Through the years we had become friends with mission teams from other organizations in the area, and one of those mission teams happened to be visiting the city soon after I had moved into my own house. It was their last Sunday in the area before they would fly back home, and their team had decided to hit the beach one last time.
Instead of joining their team for a nice day at the beach, a small group of people we had known for about a year asked my parents if they could bring them to visit me in my new house. “Jessica needs us,” they said to one another. “We should go encourage her.”
They piled into a truck as my dad led them down the road leading the complete opposite direction of the beach. They sat cheerily as the sun beat down on them in the truck bed, watching the endless sugar cane fields pass by (there are days I still ache for that beautiful view). When they arrived, I self-consciously welcomed them into my home, and we spent the next couple of hours sitting and chatting. I couldn’t compete with a nice day at a shady beach, so I didn’t try.
My friends were absolutely right. I did need them in that moment, and I will forever be grateful that they made the effort to come see me. They traded a day at a Caribbean beach to sweat on my plastic chairs in my dusty living room, where the only thing I had to offer them was room temperature water. They could have been walking along the ocean shore but instead they walked with me through the community and listened as I shared about my experience so far. If they were bored they did not show it, and their hugs and goodbyes after their visit were a turning point in my time there.
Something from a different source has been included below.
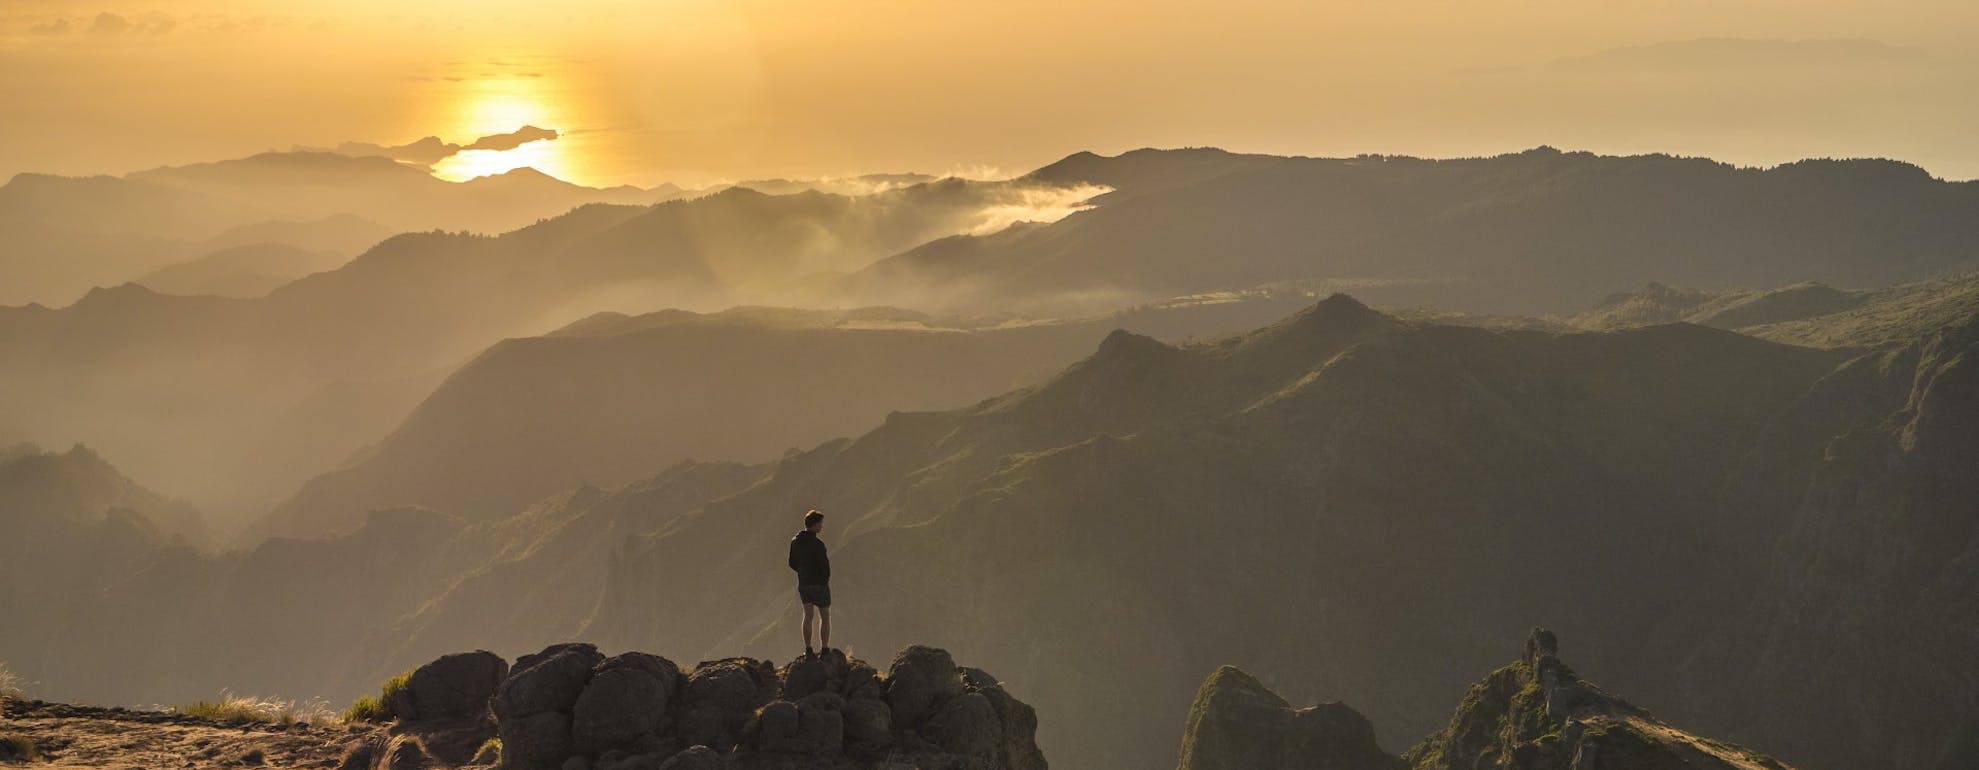 World's-Best-Hikes-5-Pico-Ruivo-Madeira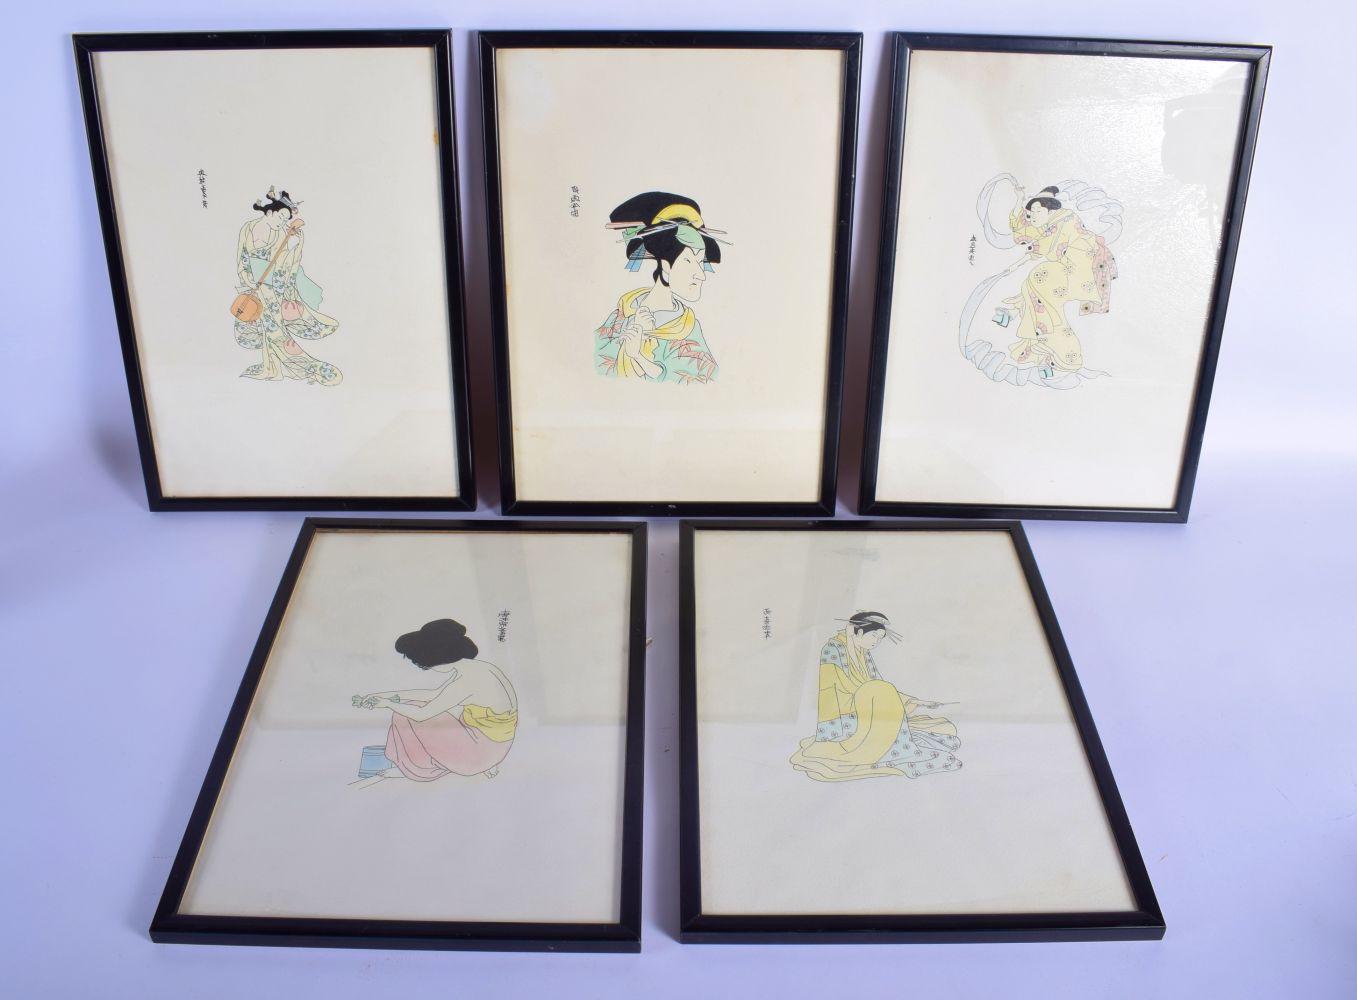 Japanese School (C1930) 10 x Watercolours, Figures in various pursuits. Image 35 cm x 26 cm. (10)

Maybe it wasn’t much of a sacrifice for them to miss one day with their team, but for me it made a world of difference. When I am old and have lost most of my specific memories of my time in the Dominican Republic, I will still remember their visit, and how it kept my heart from losing all hope. I felt seen, and that was all I needed.
Staying primarily at home for the past few months has obviously been pretty tough on those people who unconsciously place part of their self-worth on their productivity (me). It has also been extra hard to stay connected with the ones we care about, and to show them that they are loved. It has made me think a lot about how I have received love from others during these past six years on the mission field. There have been countless people who wrote me an encouraging note, or gave me an extra long hug, or brought me a box of my favorite cereal. People who cleaned my house just to bless me, because they saw how worn out I was. A friend who made me a gift that included all the places I have lived, because she knows how important each place, each culture, is to me. Most of those people probably have no idea how much their gesture meant to me, and how many times their gifts or words were the one thing holding me together on that day.
I guess my point in all of this is that I have always seen love in the little things, just as much or even more than in grand gestures. All people really want is to be seen, to be remembered. As many of us continue to stay more distanced than we usually would be, we might not see as many opportunities to show love in big ways. But I think we can definitely get creative in new little ways of loving those around us. Many people already have, by sending cards, calling their friends, delivering snacks to people’s doorsteps. Let’s not allow people to become out of sight, out of mind. If you’re unsure of how to love people during this time (or even in general), I would encourage you to do just the smallest thing. You never know how something little can end up staying with someone forever.